══ Records for this exercise
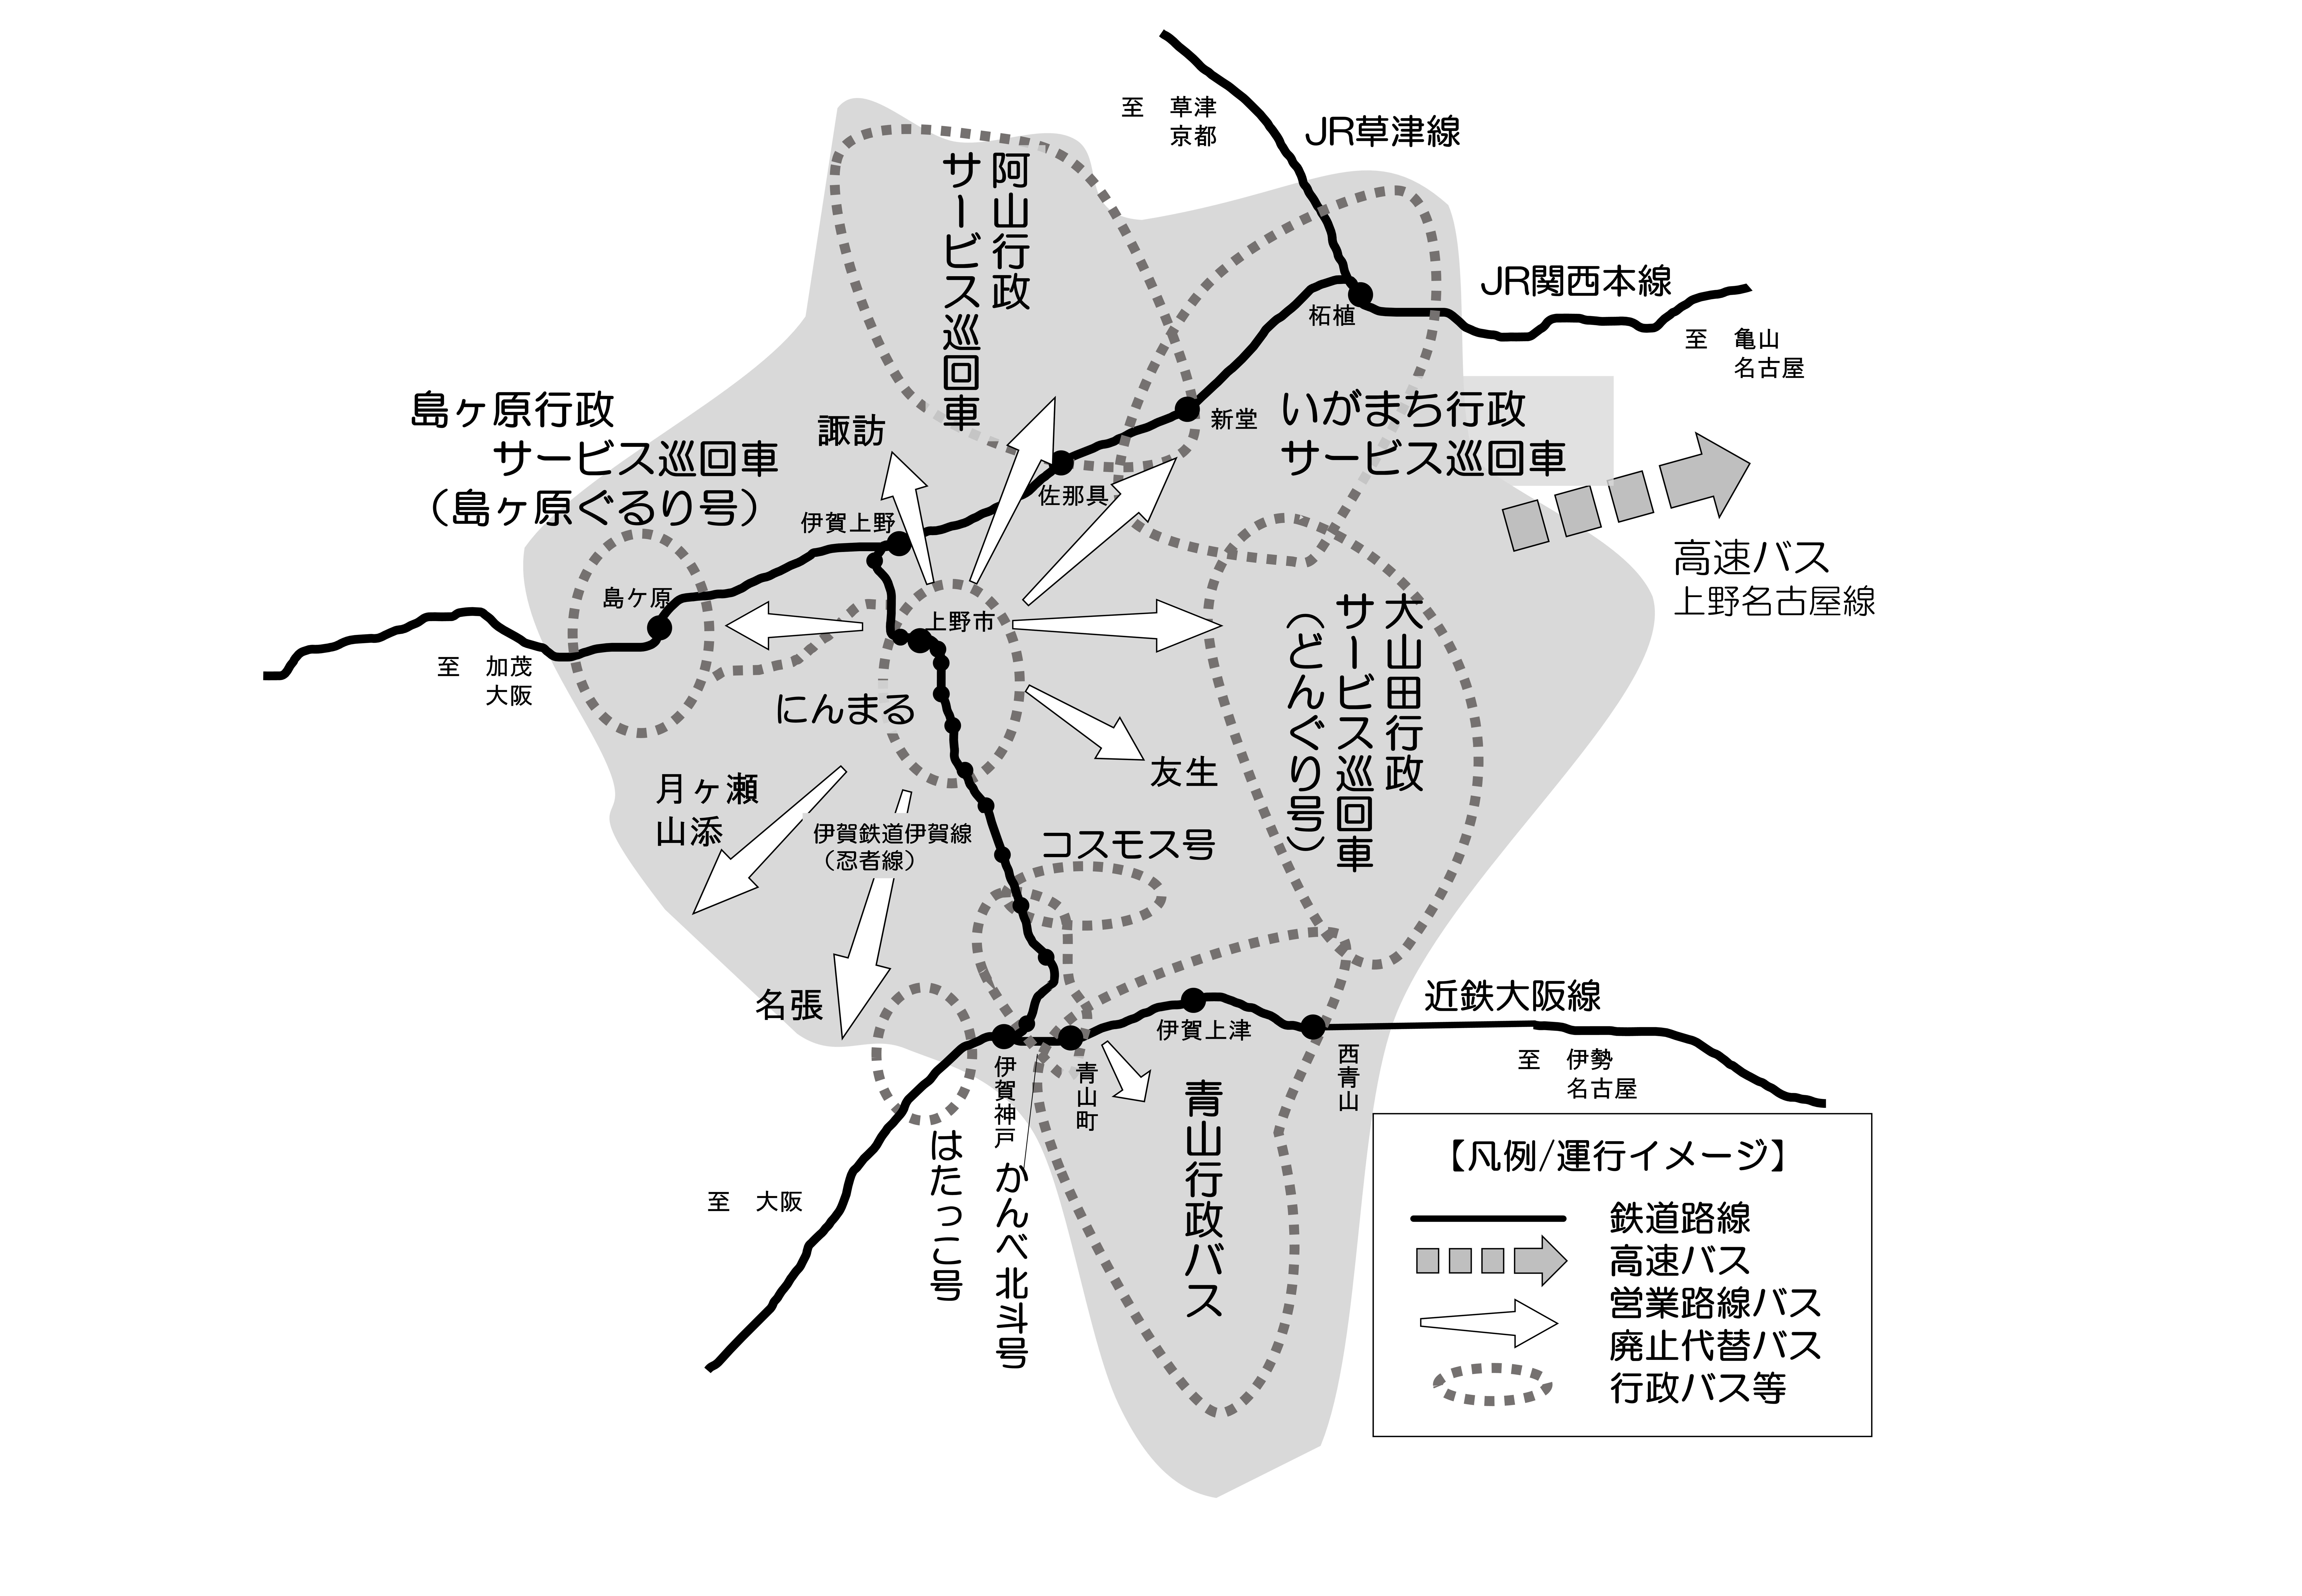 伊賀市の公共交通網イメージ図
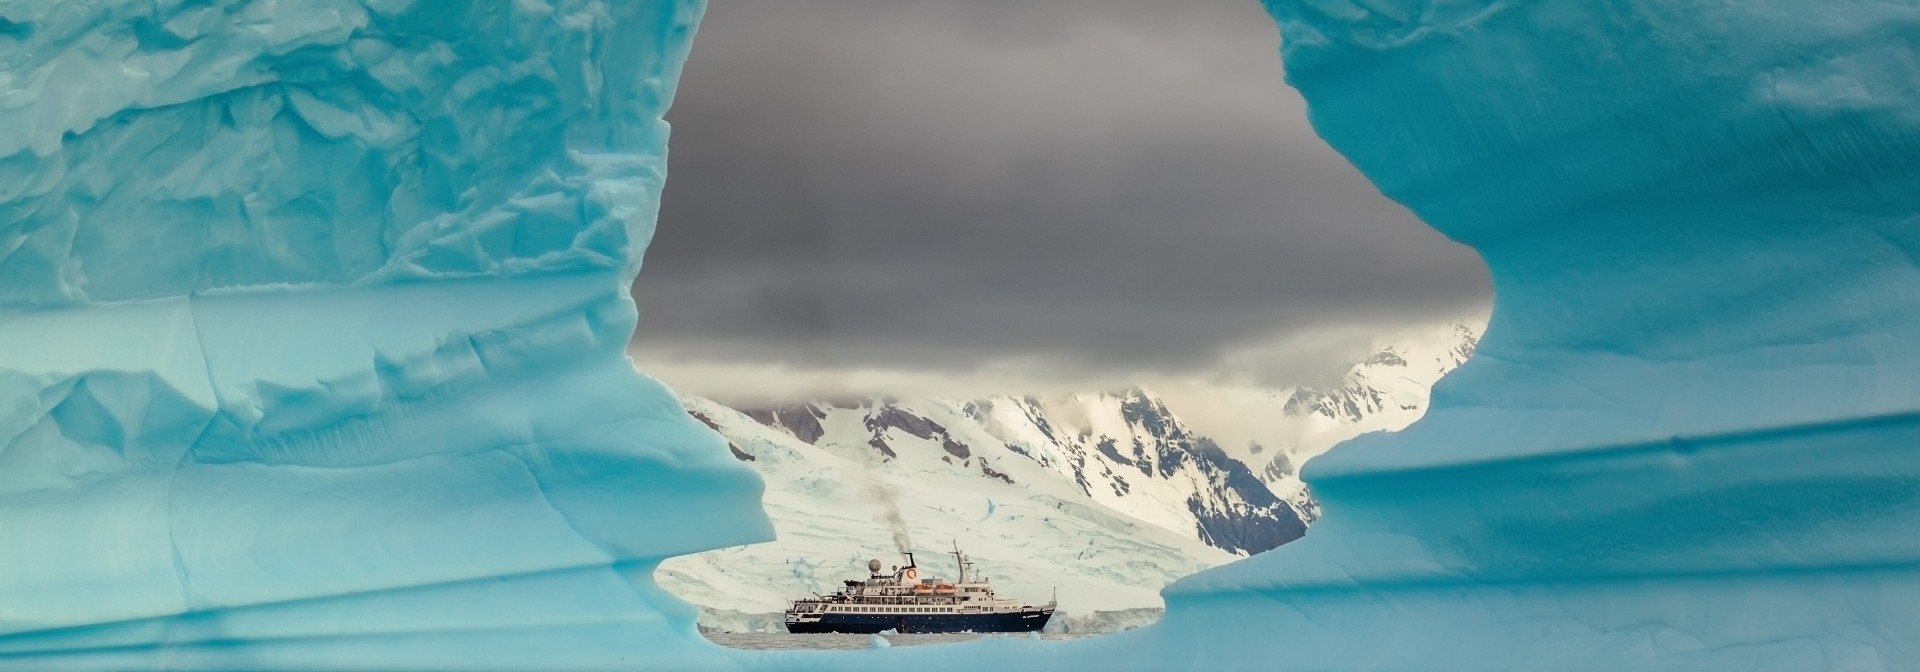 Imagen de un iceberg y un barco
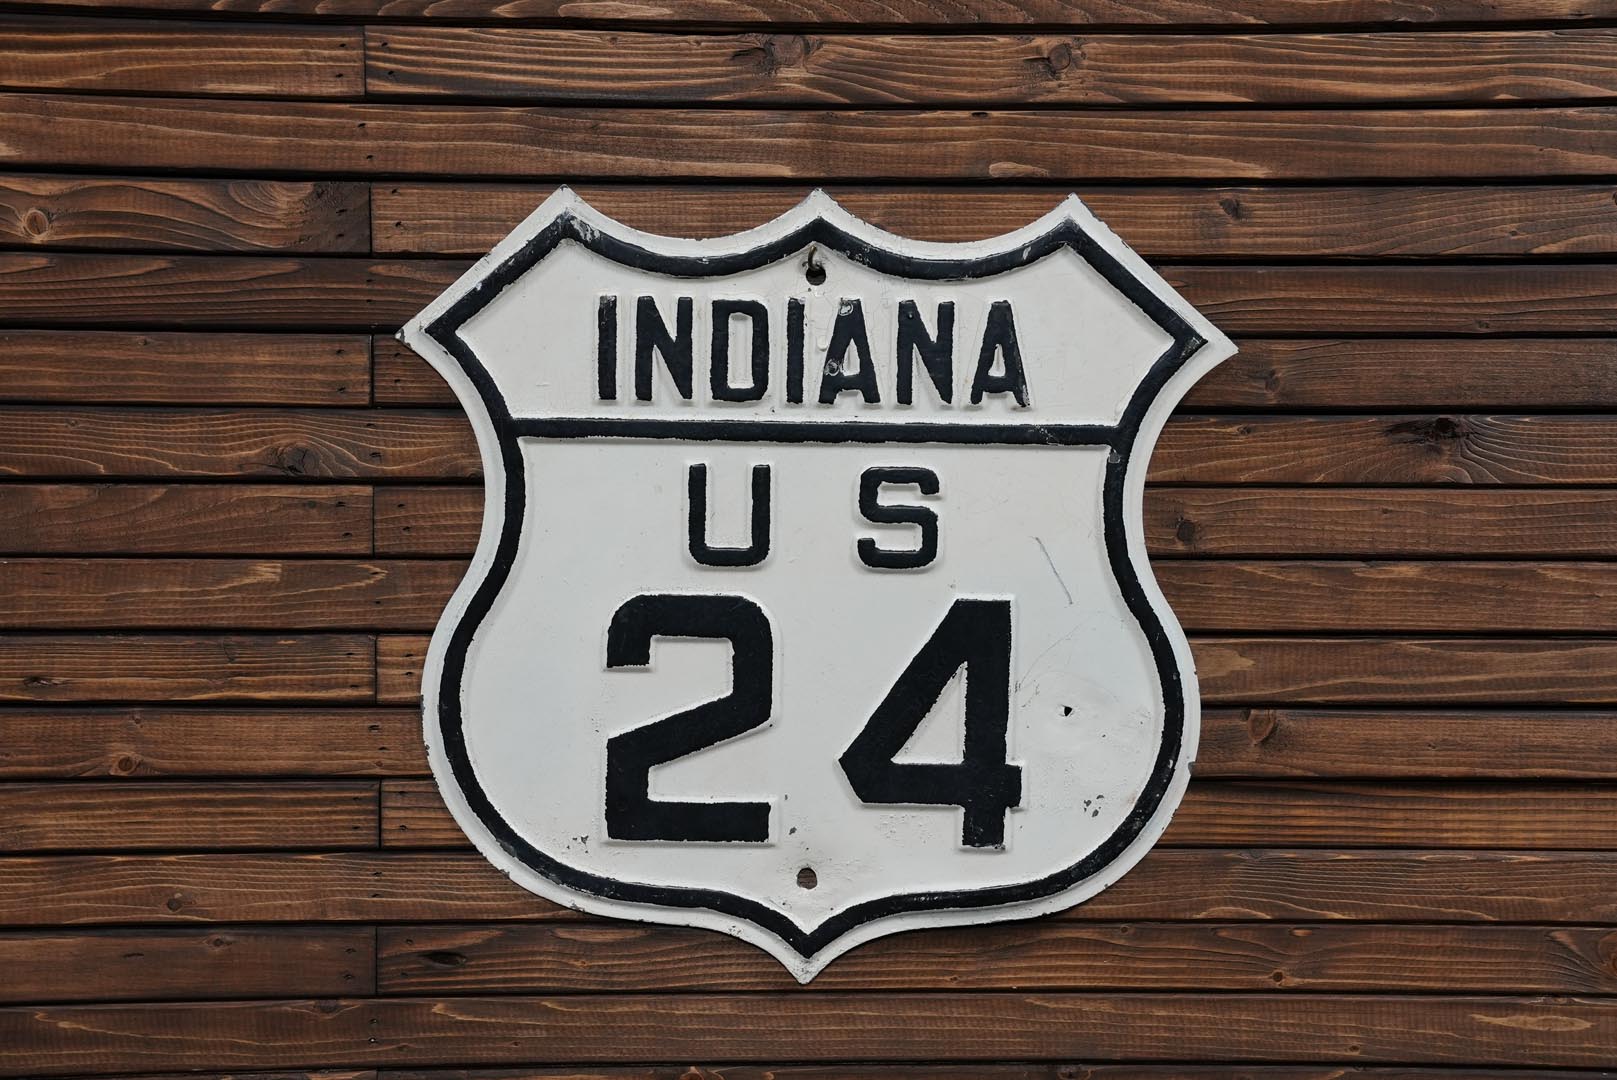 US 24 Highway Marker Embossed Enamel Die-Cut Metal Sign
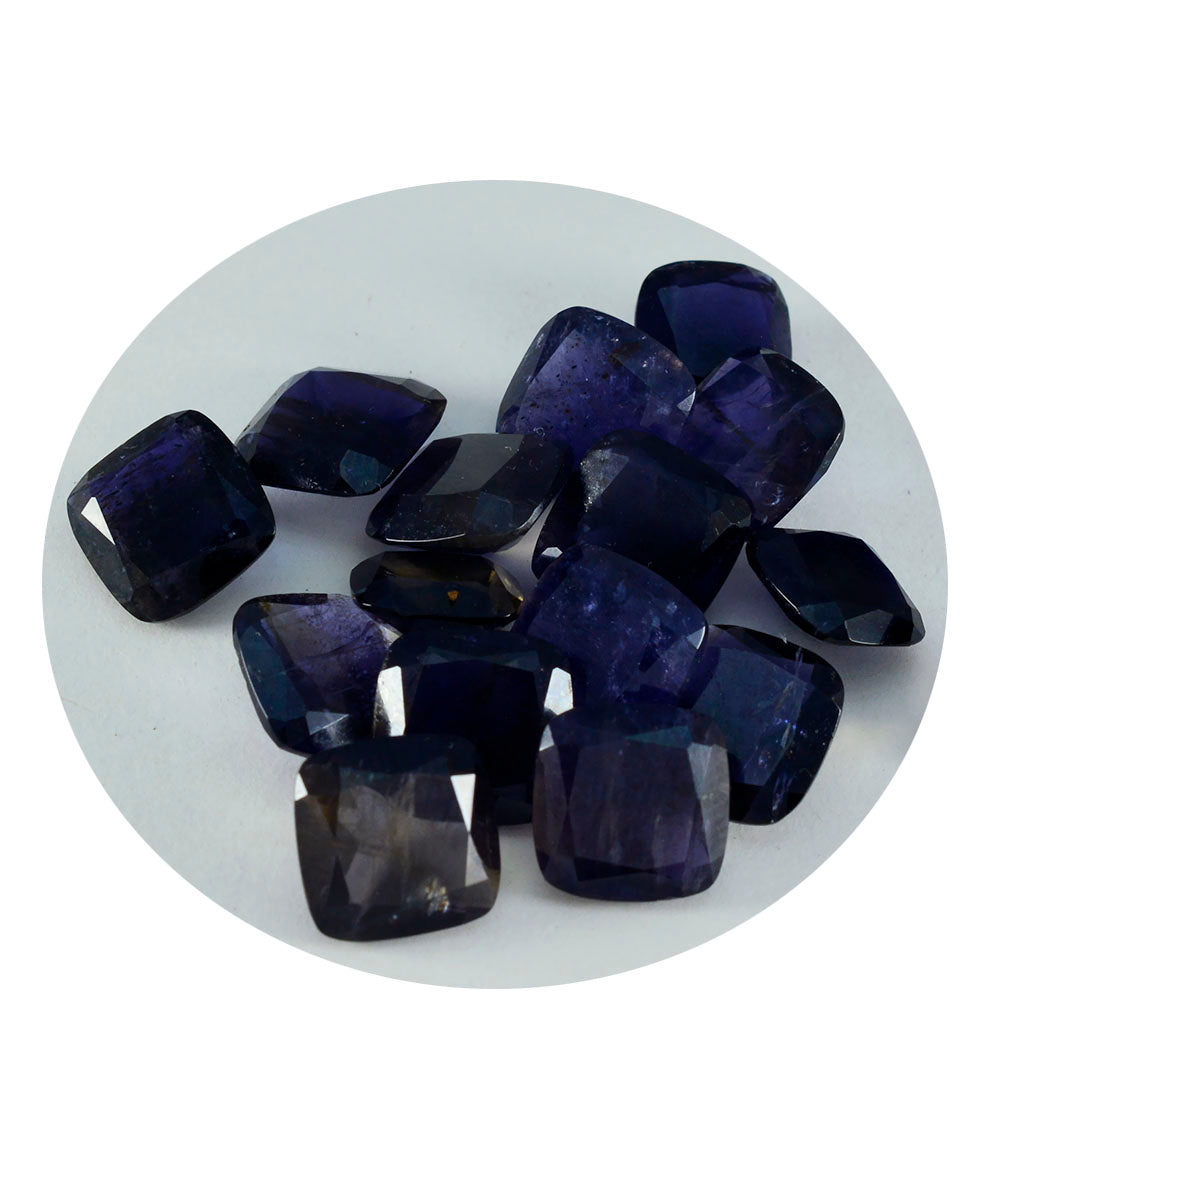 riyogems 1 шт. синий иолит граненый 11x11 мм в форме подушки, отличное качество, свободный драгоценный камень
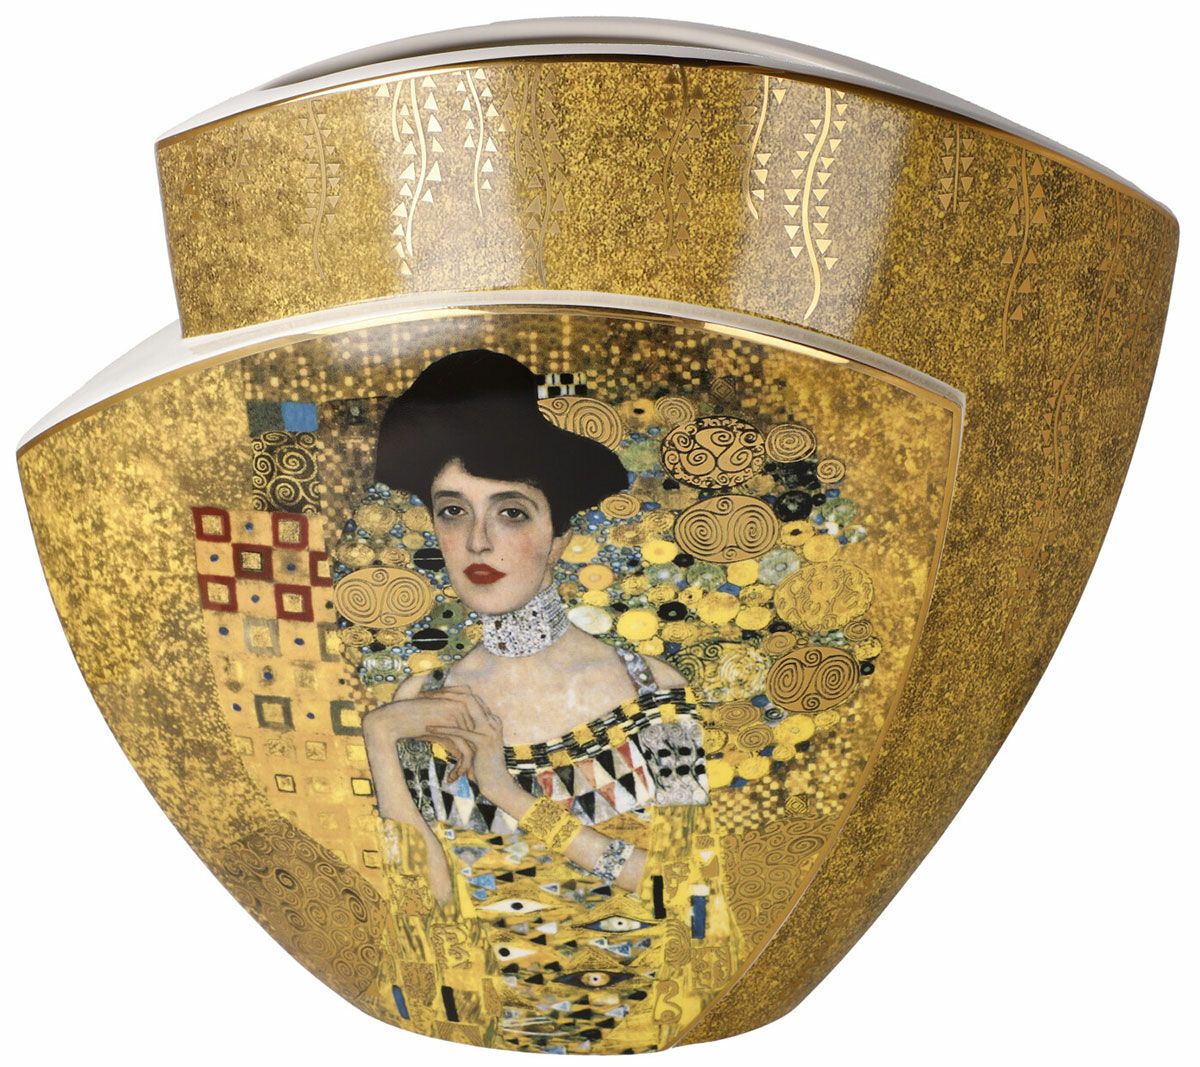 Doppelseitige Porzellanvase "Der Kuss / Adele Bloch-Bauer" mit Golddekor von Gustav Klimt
════
Instructions for the task:
For your answer, write out the data exactly and drop every picture.

Solution for this task:
 伊賀市の公共交通網イメージ図
 Imagen de un iceberg y un barco
 US 24 Highway Marker Embossed Enamel Die-Cut Metal Sign
 riyogems 1 шт. синий иолит граненый 11x11 мм в форме подушки, отличное качество, свободный драгоценный камень
 Doppelseitige Porzellanvase "Der Kuss / Adele Bloch-Bauer" mit Golddekor von Gustav Klimt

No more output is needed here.